I may re-introduce that rendering after some further refactoring,
specifically for gutters.
DEV-12151
Using a byte vector just makes life more difficult with regard to preparing
the diagnostic reports. We're already validating UTF-8 data for column
generation, which is necessary for a robust report, so let's just store it
as a String to begin with.
DEV-12151
Note that, if a span is first encountered with a mark but with _no_ label,
the first label (if collapsed) will be on the next line. This allows a span
to be marked without extra visual noise if it's not necessary, and to be
able to trust that it'll stay that way.
Until coloring is introduced, this may or may not be easier to read
depending on context.
This is also not yet taking into account where on the line it begins, and so
may render poorly if the span is at the end of a line. That will be fixed
later on.
DEV-12151
This is now visible in the diagnostic output. Example at this point in
time, on an xmlo file for one of our smallest systems:
error: expected closing tag for `preproc:symtable`
--> /home/.../foo.xmlo:16:4
|
| <preproc:symtable xmlns:map="http://www.w3.org/2005/xpath-functions/map">
| -----------------
= note: element `preproc:symtable` is opened here
--> /home/.../foo.xmlo:11326:4
|
| </preproc:wrong>
| ^^^^^^^^^^^^^^^^
= error: expected `</preproc:symtable>`
DEV-12151
Looking more and more Rust-like. Shameless copy.

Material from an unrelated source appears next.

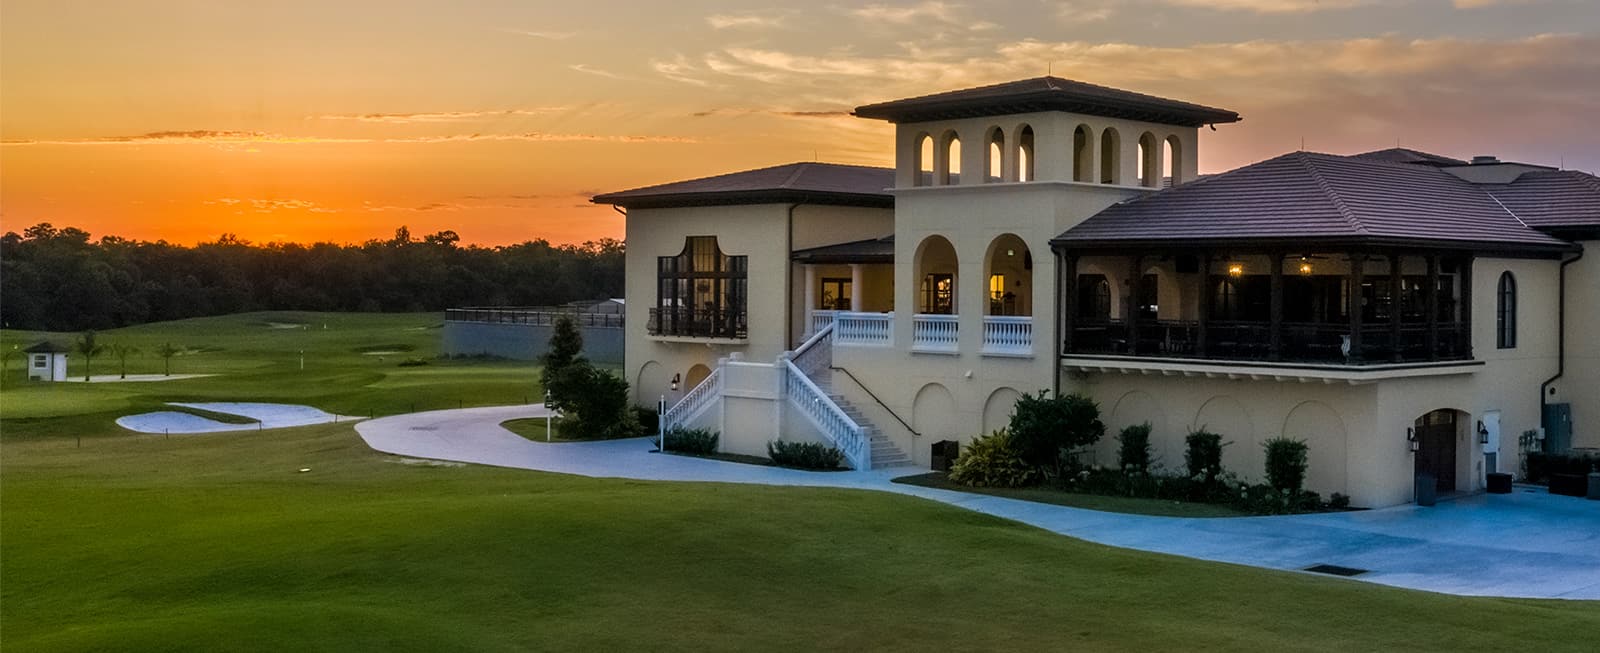 Sunset view of the Jack Nicklaus golf course and clubhouse at The Bear’s Den Resort Orlando.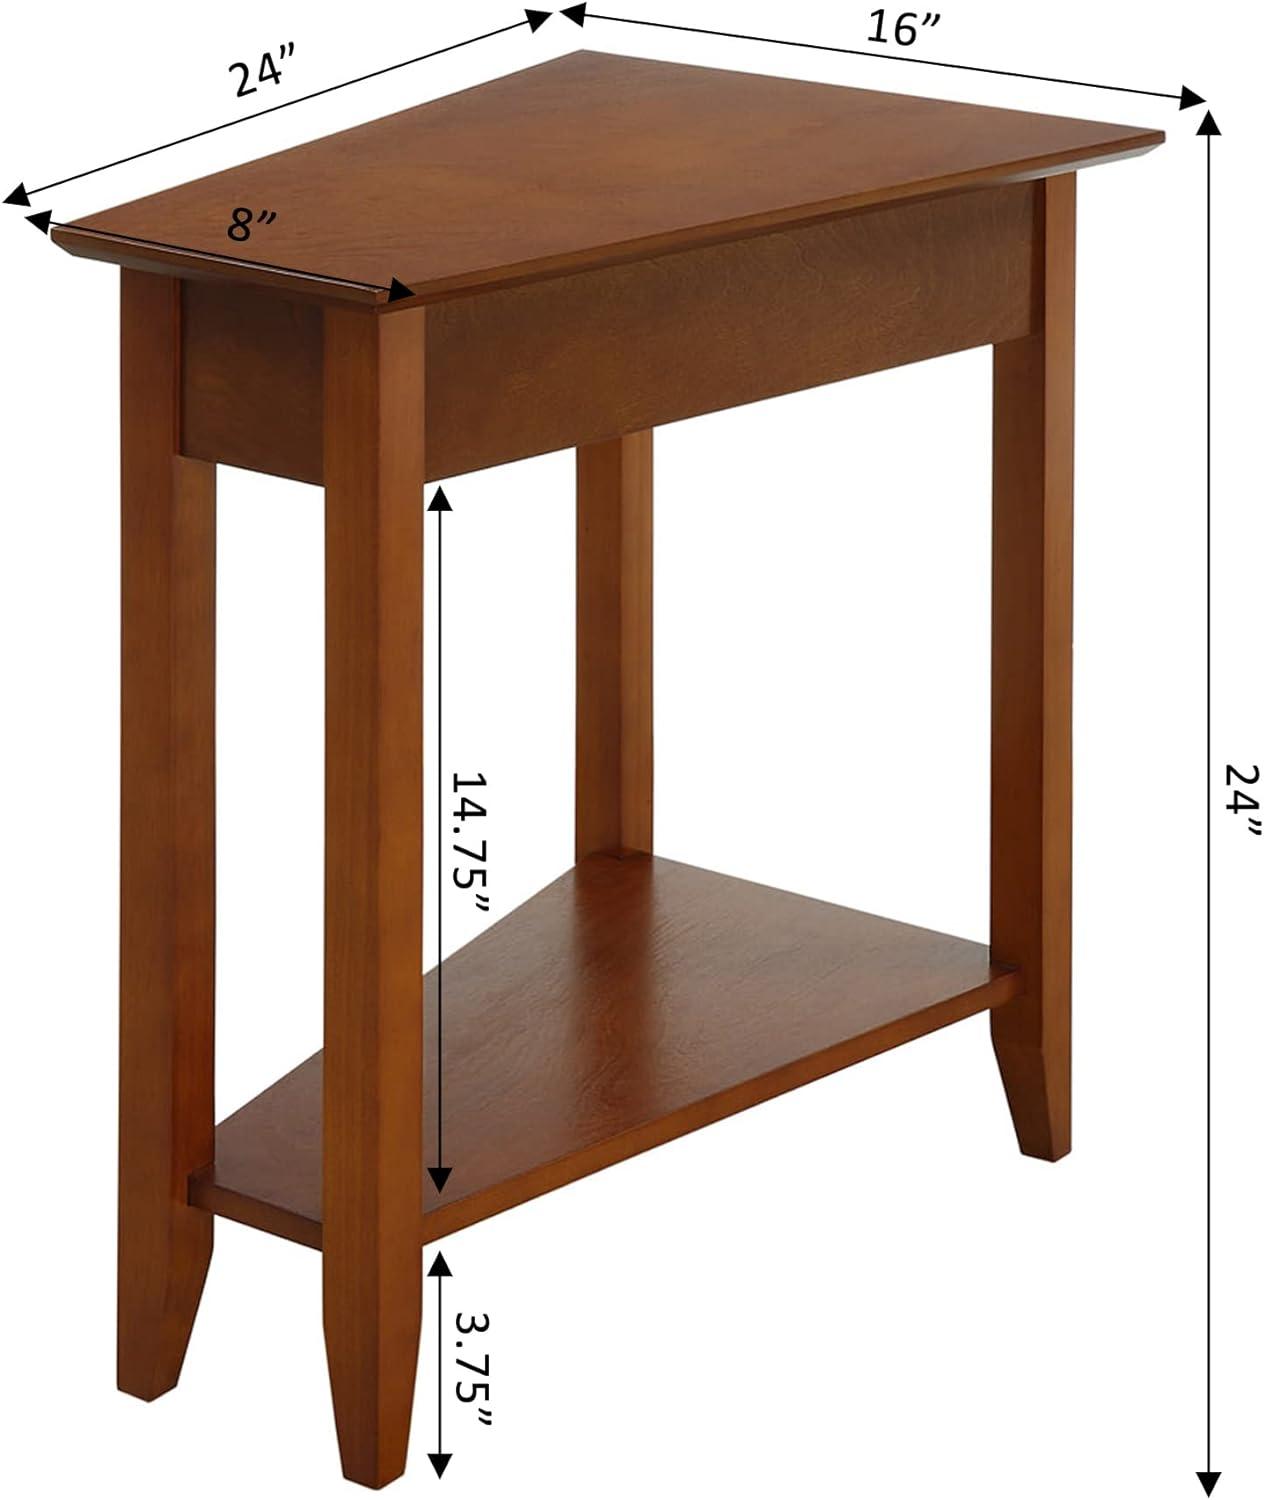 Triangular Cherry Wood and Metal Wedge End Table with Shelf

TBH I forget what character it uses for help, but it's easy enough to
change.
Also, to be clear: this is modeled after Rust, but it's not a requirement of
mine that it look exactly like it. I just like the general style; I'll
surely deviate over time, as appropriate (or as I feel like it).
DEV-12151
This has the effect of highlighting the columns of the source lines using
'^' as an underline.
The next step will be to have the underline character depend on the
`Level`.
If this commit message doesn't sound all that exciting, given what it
finally achieved after all this time, it's because I'm exhausted, and my
prototype has already taken my excitement. But this is significant, given
all the work leading up to it.
There is some code cleanup needed and some unit tests that ought to be
written rather than relying on integration, but considering how much this is
being refactored, I don't want to add to that refactoring cost just yet
before gutters are introduced and I know things are settled for now.
DEV-12151
This has been a lot of refactoring for something that I prototyped a week
ago, and the prototype is still further along in its output formatting (it
has line numbering in gutters and span markings).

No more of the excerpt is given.